In recent years, however, some historical linguistics have changed their approach, resulting in an upsurge in strictly corpus-based historical linguistics and the building of corpora for this purpose. The most widely known English historical corpus is the Helsinki corpus.
The Helsinki corpus contains approximately 1.6 million words of English dating from the earliest Old English Period (before AD 850) to the end of the Early Modern English period (1710). It is divided into three main periods - Old English, Middle English and Early Modern English - and each period is subdivided into a number of 100-year subperiods (or 70-year subperiods in some cases). The Helsinki corpus is representative in that it covers a range of genres, regional varieties and sociolinguistics variables such as gender, age, education and social class. The Helsinki team have also produced "satellite" corpora of early Scots and early American English.
Other examples of English historical corpora in development are the Zürich Corpus of English Newspapers (ZEN), the Lampeter Corpus of Early Modern English Tracts (a sample of English pamphlets from between 1640 and 1740) and the ARCHER corpus (a corpus of British and American English from 1650-1990).
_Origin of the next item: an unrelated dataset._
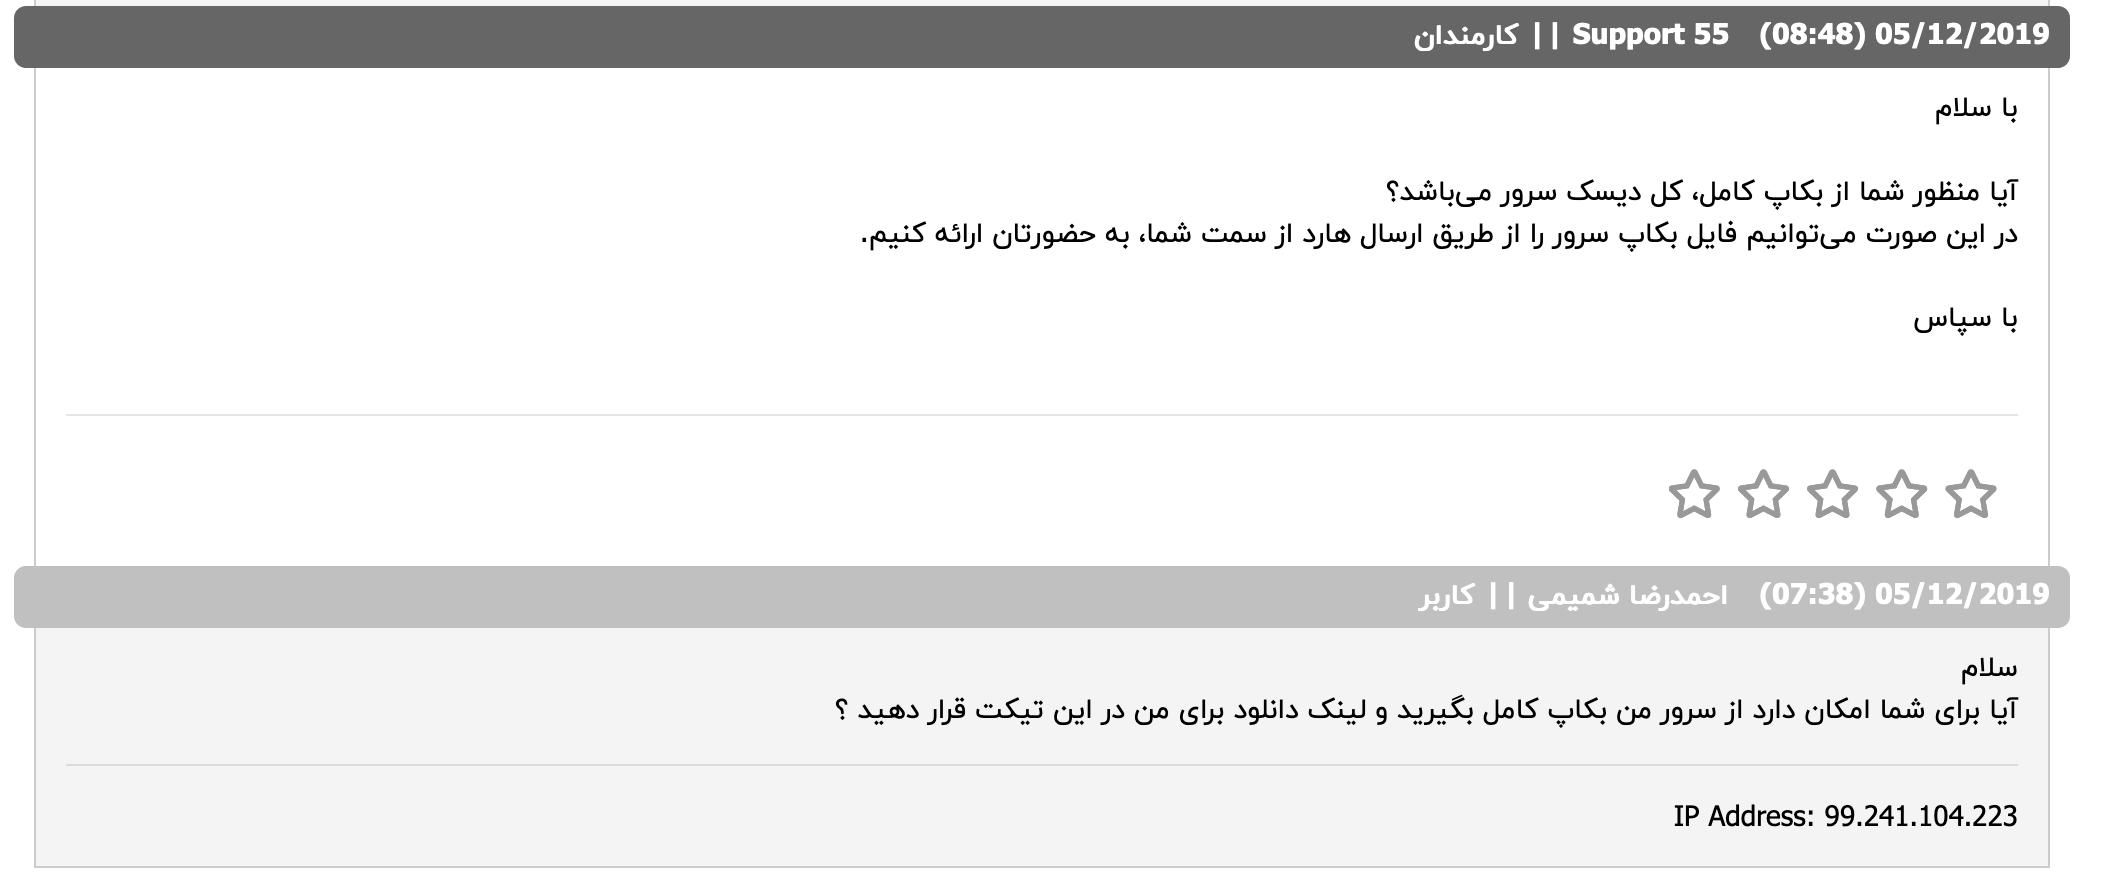 پشتیبانی از مدل ایرانی و پارس پکی

The work which is carried out on historical corpora is qualitatively similar to that which is carried out on modern language corpora, although it is also possible to carry out work on the evolution of language through time. For example, Peitsara (1993) used four subperiods from the Helsinki corpus and calculated the frequencies of different prepositions introducing agent phrases. Throughout the period she found that the most common prepositions of this type were of and by, which were of almost equal frequency at the beginning of the period, but by the fifteenth century by was three times more common than of, and by 1640 by was eight times as common.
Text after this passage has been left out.